The company behind farmville, CityVille is one of the largest social gaming companies. In Feb 2012 they reported a revenue of $311 million with an average of $2 per user. With only about 3% of the users paying,[3] Zynga relies on a small segment of large spenders to generate the it's revenue while the rest of the users provide the competitive environment will take place.

Riot gamesEdit

In order to foster a more competitive atmosphere as well as increase the overall play base, Riot games has invested heavily in the competitive scene. With a $5million dollar prize pool announced for the second season of League of legends, including a $2 million dollar finals. This move is designed to grow the userbase for league of legends as well as increase the number of hardcore users as they contribute largely per user in order to remain competitive. In February of 2011 Riot games was purchased by Tencent, a Chinese internet holdings company for $400 million dollars.

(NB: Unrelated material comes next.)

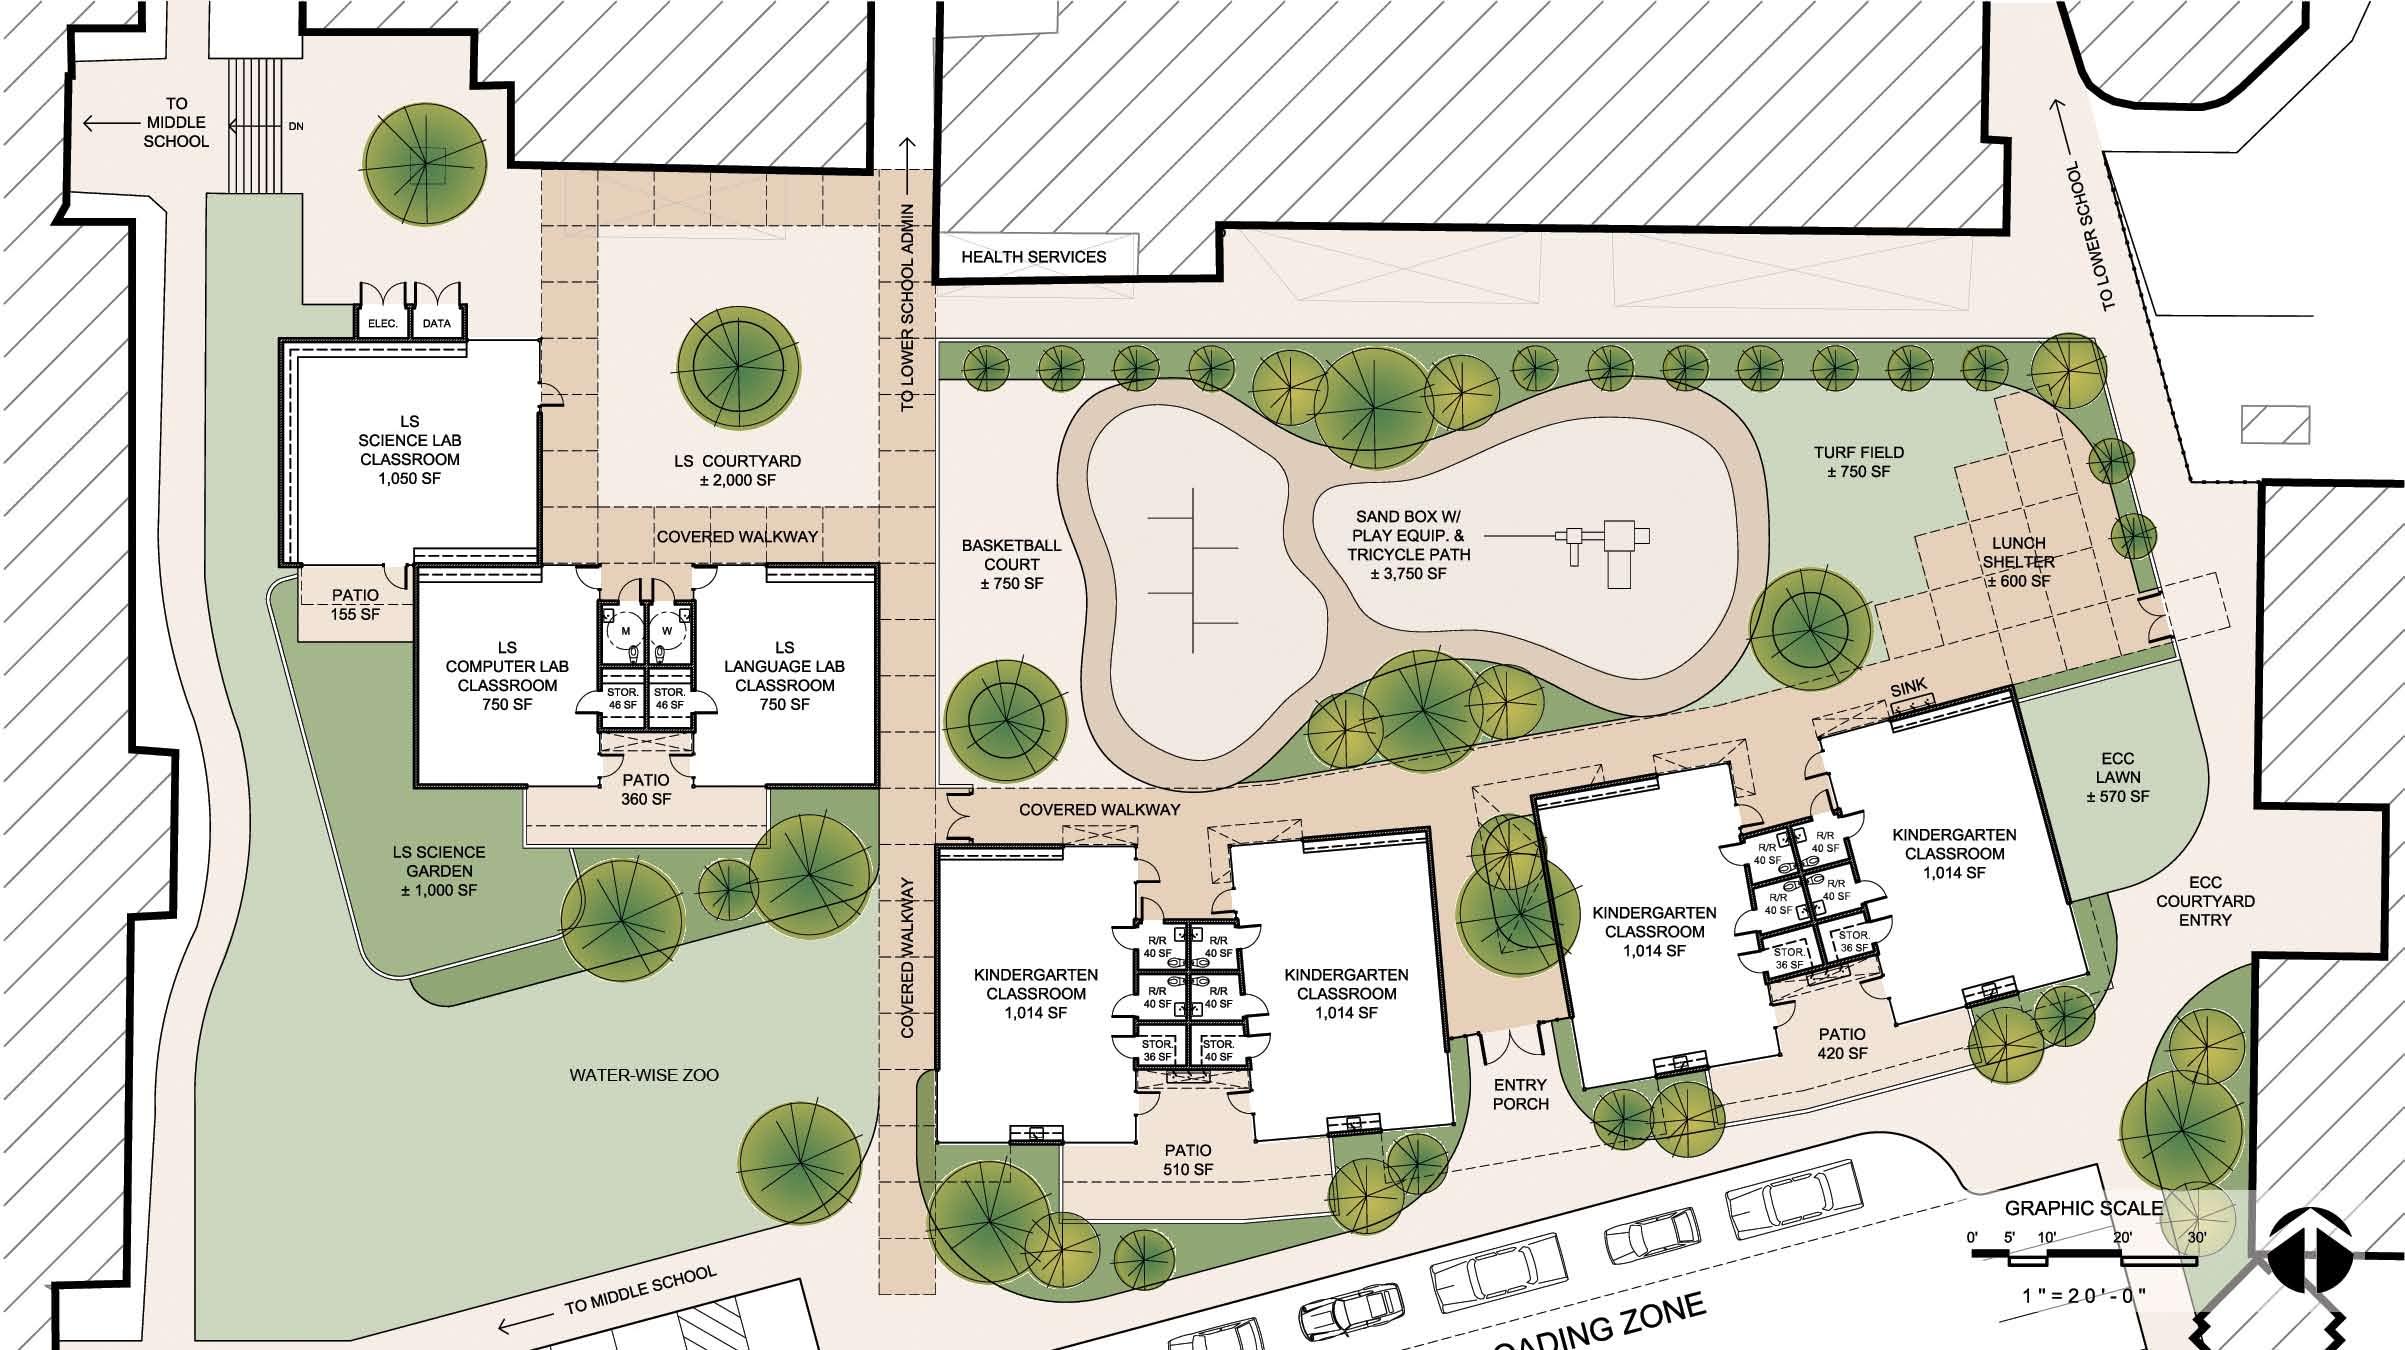 La Jolla Country Day School Kindergarten_Site Plan.jpg

The stigma of paying for successEdit

The important aspect of League of Legends is that while many trappings of success can be bought it has avoided the stigma associated with too much influence from money in the game. Stat changes from runes are only influenced marginally by the spending of money, and champions in the free rotation come from the list of buyable one's so there's no inherent disadvantage in paying for progress. This has prevented a mass disuasion of free users as one would see in games such as Zt online. The important part is to balance the act of encouraging payment while still providing incentives for free users to say on board, since a large player base is necessary to sustain itself in the tippy online market.